His primal instinct to move away from his discomfort and towards pleasure can really only lead him in one direction...
Survival.
Thus, we have a watered-down summary of how humanity has managed to thrive for so many years.
Flash forward to 2025...
And that same instinct gets flipped on its head.
Because we live in a world where avoiding discomfort and moving towards pleasure no longer means getting out of the cold, lonely wilderness and into a community of people who are working together for survival.
These days, it means moving away from the stress you feel in the office by spending too much time on your phone.
Or on Netflix.
Or worse, watching porn.
We have so many easy, highly stimulating ways to spike our brains' pleasure systems available to us in 5 seconds flat at any time of day, that instead of our instinct driving us towards things that help our survival, it drives us towards things that numb our discomfort at the expense of the dopamine, energy, focus, and motivation we need to show up as our best selves.
Dulling our edge by spending too much time on high-stimulation, low-value behaviors like that actively works against your ability to thrive and be the man you're meant to be.

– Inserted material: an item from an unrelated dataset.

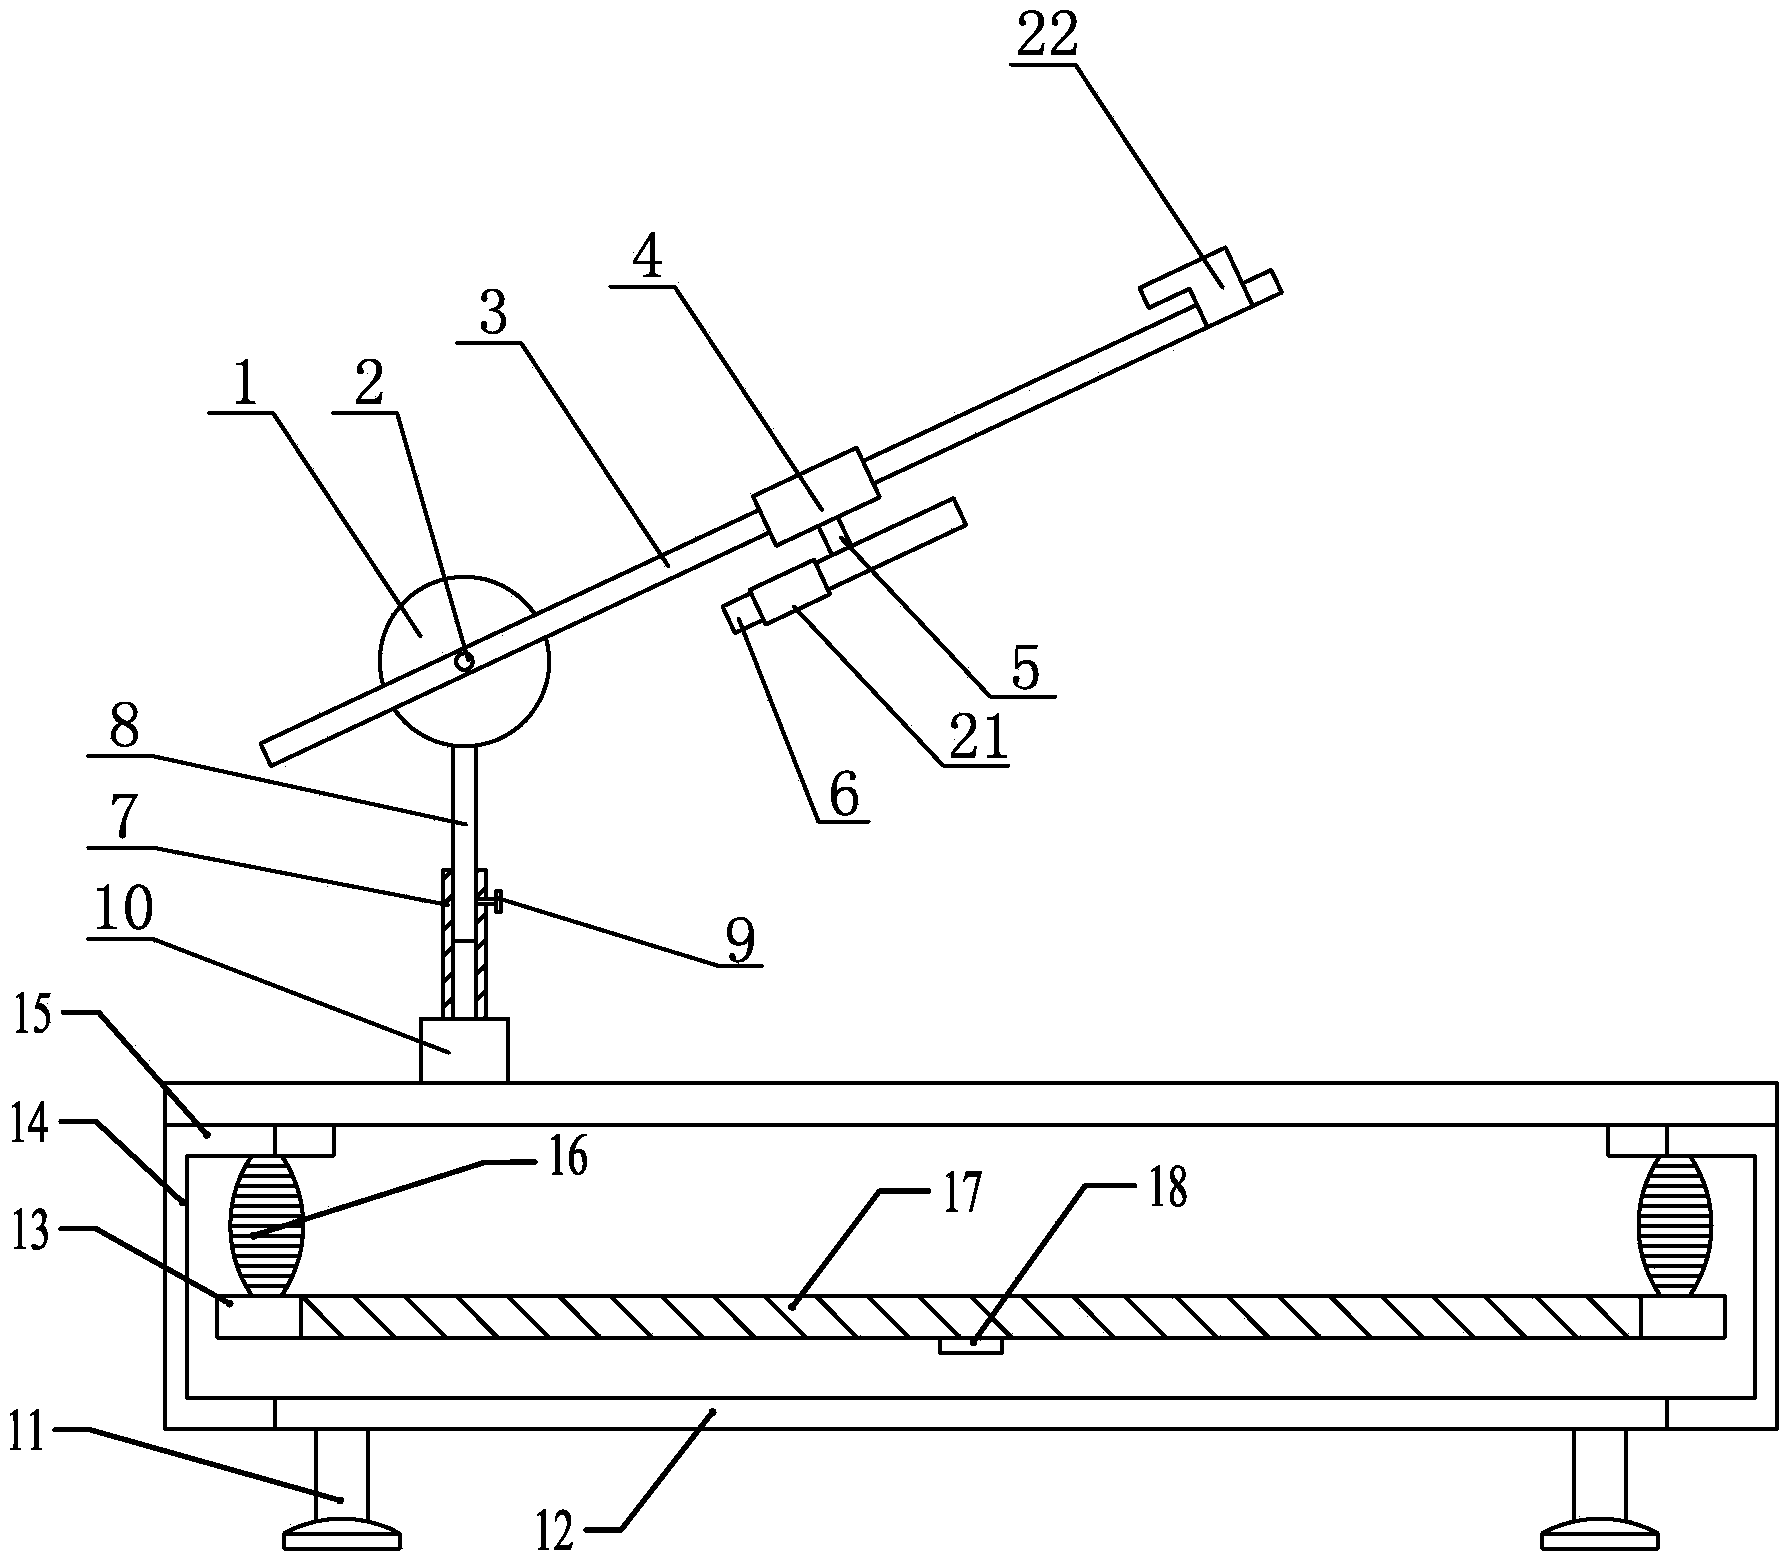 Laser type javelin core stability and strength training and information feedback monitoring device

It's a weird world we live in.
But it isn't without hope.
It's completely possible to take back control over your mind.
To wrestle back your attention from the Big Tech monster that's draining resources away from the things that matter most to you.
It just requires the intention to do so... and following through.
Best way I've found to start?
Quit porn.
Because that form of stimulation is like a 100-pound dumbbell.
It's the biggest, baddest form of stimulation (unless you're doing hard drugs, but I hope that doesn't apply to you!)
So you should start there if it's still part of your life in any way.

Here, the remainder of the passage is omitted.